Secretary of State Rex Tillerson speaking at the Center for Strategic and International Studies on the U.S. policy toward India, Oct. 18. (Photo: State Department)

Secretary of State Rex Tillerson said India is a “partner for peace” and a rising power for the next hundred years. While Pakistan was also a partner, he said, Washington expects Islamabad to “take decisive action” against terrorist groups within its borders to improve not just security in South Asia, but to improve its international standing.

Tillerson delivered a major foreign policy speech relating to India at the Center for Strategic and International Studies in Washington, D.C. today, a week before his scheduled trip to India. A frequent traveler to India during his years in the private sector as head of the global oil giant Exxon, Tillerson recalled his relationship as dating back to 1998. “It was a real privilege” to work with Indian counterparts” he said and he looked forward to his upcoming visit.

In a wide-ranging speech followed by a Q and A session, Tillerson dwelt on the growing economic, defense and counter-terrorism cooperation with India, but highlighted the “scourge” of terrorism that must be contained by a greater effort from Pakistan.

“India is a partner for peace in Afghanistan,” Tillerson said. And while “Pakistan too is an important partner in South Asia,” he added, “We expect Pakistan to take decisive action against terror groups within its borders.”

Tillerson said Washington wished to be helpful in reducing tensions on the India-Pakistan border and pointed to the recent declaration of the Hizb-ul Mujahideen which operates in Indian Kashmir, as a terror group by the State Department. The U.S. and India, he said, are “leading the effort against terrorism” in the region.

The United States sees Afghanistan as a regional issue, Tillerson stressed. If the threat of terror groups is removed in Afghanistan, “the greatest beneficiary would be Pakistan and Afghanistan,” he said answering a question on future U.S. policy toward Afghanistan. “So our message to the Taliban is ‘we’re not going anywhere. We’re going to be here as long as it takes’.”

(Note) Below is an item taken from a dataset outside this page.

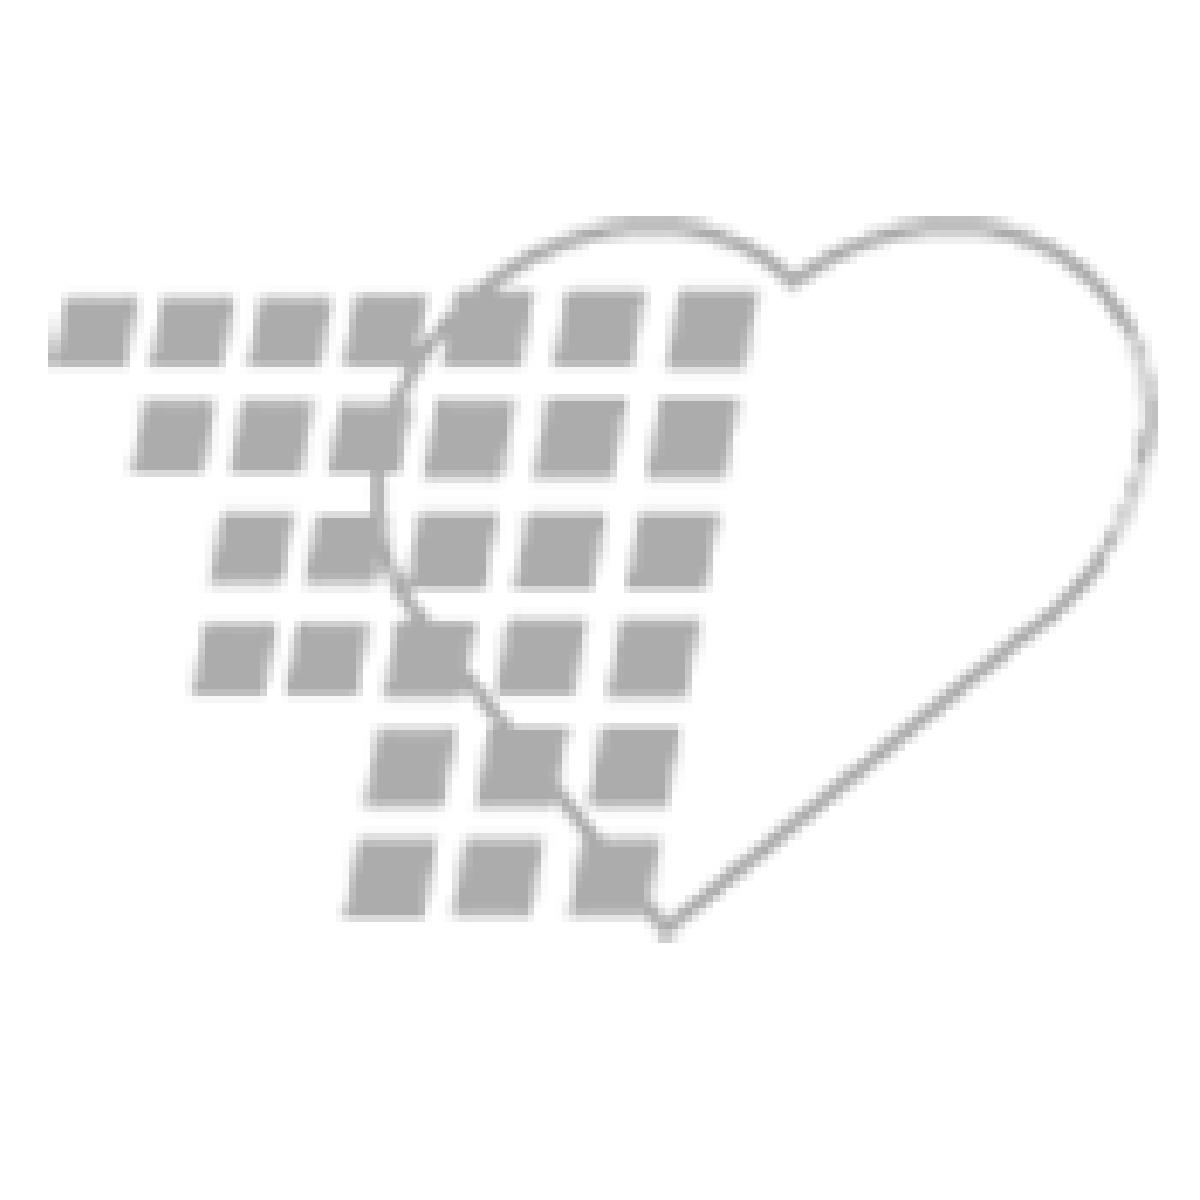 02-24-0172 - Fetal Monitor

Pakistan recently helped rescue an American woman, her Canadian husband, and their three children from the Taliban, acting on U.S. intelligence information. That came short on the heels of Washington’s warning about cutting off aid if Islamabad did not act against internal terror groups in Pakistan, and the Hizb-ul decision.

Just as Tillerson was speaking at the CSIS, Vice President Mike Pence engaged in a call with Pakistan’s Prime Minister Shahid Khaqan Abbasi, and conveyed a qualified message of thanks to Islamabad.

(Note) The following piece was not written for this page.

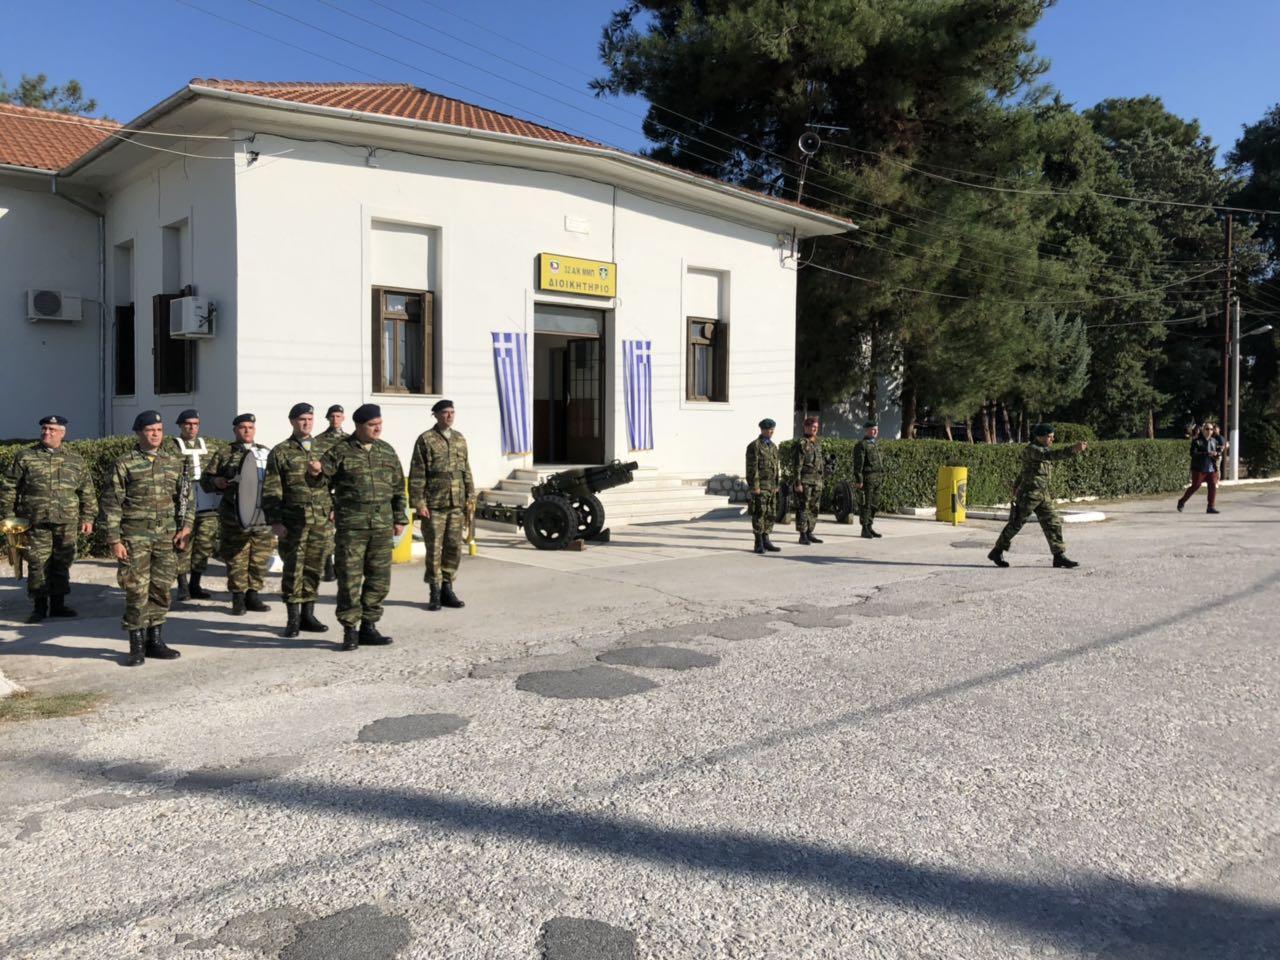 "orkomosia mpouga 5 - Στην ορκωμοσία νέων οπλιτών στο Στρατόπεδο ""Μπουγά"" ο Σεβασμιώτατος"

According to a readout of the call provided by the White House, Pence thanked Abbasi for his government’s assistance in recovering U.S. and Canadian hostages that were being held captive by the Haqqani Taliban Network in the tribal areas of Pakistan. “Vice President Pence noted this effort as an important development in Pakistan’s support to the U.S. strategy against terrorism in the region, but highlighted that cooperation against militant groups must be continued and sustained.”

Just as he did during the meeting the two had in New York last month, the Vice President again discussed ways that Pakistan could work with the United States and others to bolster stability and security for all in South Asia, the White House readout said.

In his speech and during the Q and A session that followed, Tillerson discussed the security threats in the Indo-Pacific region and praised the trilateral arrangement between Tokyo, Washington and New Delhi. He accused China of breaking international norms of behavior in the South China Sea, which he said threaten the goals of India and the U.S. The U.S.-India maritime cooperation complimented India’s “Act East” policy, he contended. He addressed “predatory economics” (possibly implying China’s economic relations in the region) that was a danger in the Indo-Pacific region, where emerging economies needed access to alternative ways to get resources. The goal was to build a “free and open” Indo-Pacific region, he said answering a question about the U.S. policy.

India and the United States formed the “book-ends of stability” at two ends of the world, the Secretary said and, “The security concerns of India are of concern to the United States.”

In a period of uncertainty in the world, “India needs a reliable partner on the world stage, and the United States is that partner,” Tillerson said, adding, “It is time to double-down on the democratic partner,” who he said, “is rising steadily and will rise for the next 100 years.”

President Trump and India’s Prime Minister Narendra Modi, he said, are committed to building an “ambitious partnership” and Washington wants to “dramatically deepen” the relationship.